Free trade consists of some important features like trade of goods and services without any tax, no interference of government policies like subsidies, taxes, tariffs, regulations and laws, full access to the market at no cost, can gather all the information about the market without any regulation, the freedom of labors for their work and movement in between and inside the countries, movement of capital is free from laws and moves between and inside the countries. Tariffs are those taxes which are imposed on the products imported by the government. It is similar to sales tax. The rate of tariff defers from product to product. Government basically imposes these tariffs to save domestic traders and businesses and companies from other outsider companies, businesses and traders.  By doing this the government saves the domestic products to not be dumped in comparison to the products of outsider companies, because it causes money loss to the government. Foreign tariffs at a point are dangerous for the economy of the host country because it increases the rates of the products manufactured by the domestic companies because in comparison to outsider companies they produce fewer products.

Foreign Markets and Global Competition

The foreign exchange industry is a worldwide market for trading currencies and stocks. It is an over the counter market for trading the currencies. There are many financial centers around the world that function as trading partners. The foreign exchange market determines the values of currencies that is exchanges, and governs the policies of the market, assisting in international trade and investments. It also supports the speculative activities through which the investors can invest their money in a number of stocks and bonds. The foreign market helps in easy conversion of one currency into another. It facilitates in easy trade and yields amount in different currencies that are useful for all.

The foreign markets give rise to worldwide competition. It also facilitates in easy export and import functions. The foreign exchange market determines the values of goods and services traded across the borders. In a foreign market an individual can buy currency from one market and sell it another market to yield profits. There have been many systems that have governed the foreign markets like the Bretton Woods systems.  The foreign market is a very unique market as it is characterized by features like high volume of trade, geographical dispersion, fixed and floating exchange rates, level of profits, leverage, amount of liquidity and many other such factors which govern these markets.
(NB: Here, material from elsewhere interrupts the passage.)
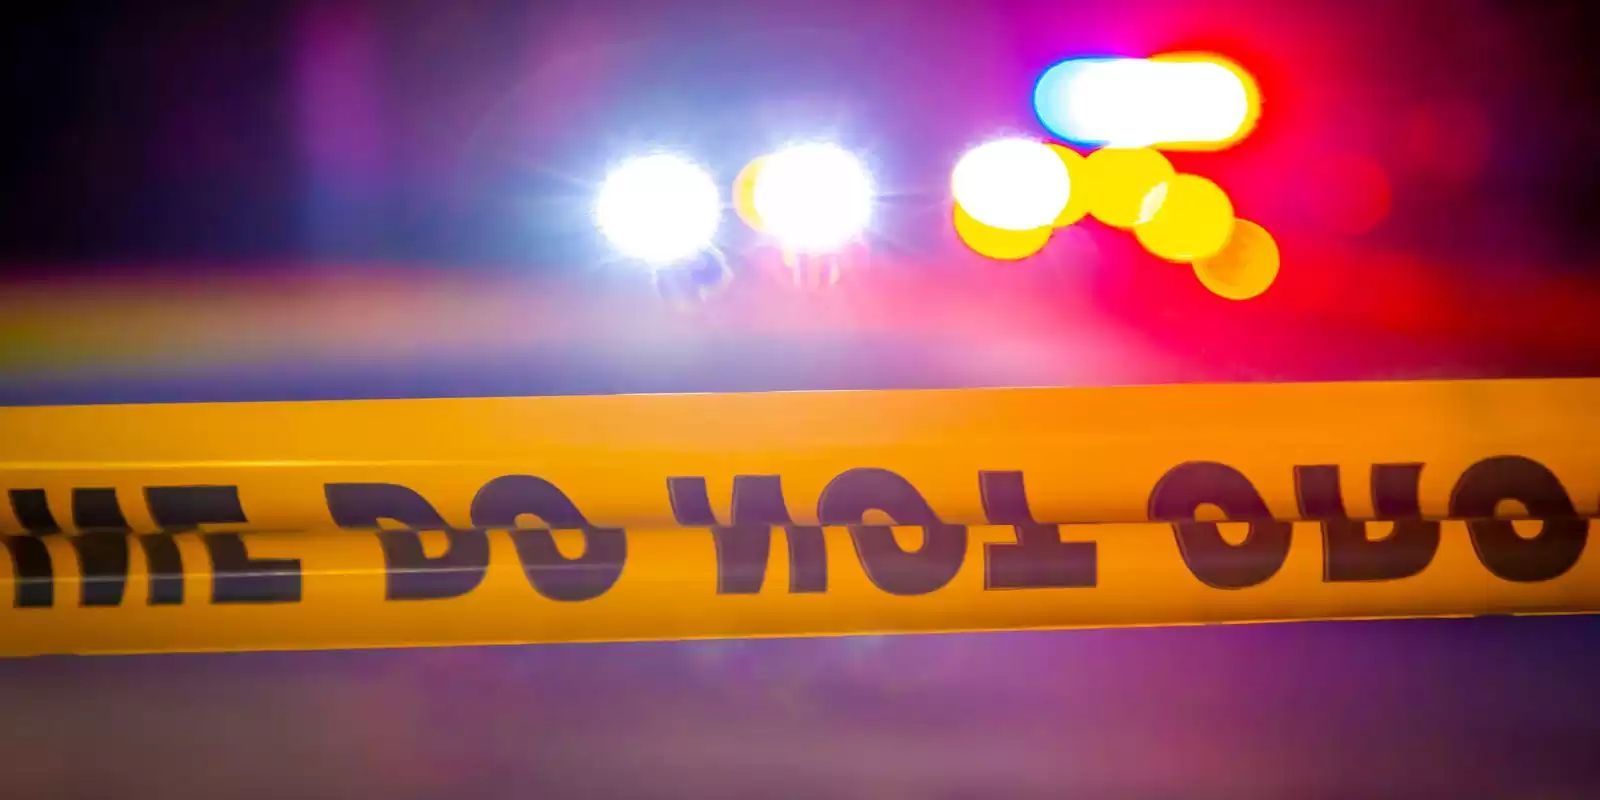 4 injured Walmart shooting Beavercreek Ohio,  police say suspected shooter dead

These factors contribute in enhancing the profits of the market. The foreign markets face perfect competition. Forex giant, UFX Markets Trading is dominating the industry–building strong relationships with its clients, and making a name for itself in the forex industry. Partnering with them is the best decision you can make if you want to be successful in the forex market.

In foreign markets one can trade in variety of markets. One can trade in securities, hedge funds, commodities and bonds. The commercial and central banks play a very important role in the foreign markets. These banks help in controlling the money supply and govern the exchange rates as well. The instruments in the foreign markets are traded over the counter. The main trading center is located in London and supports the trading centers of various other countries.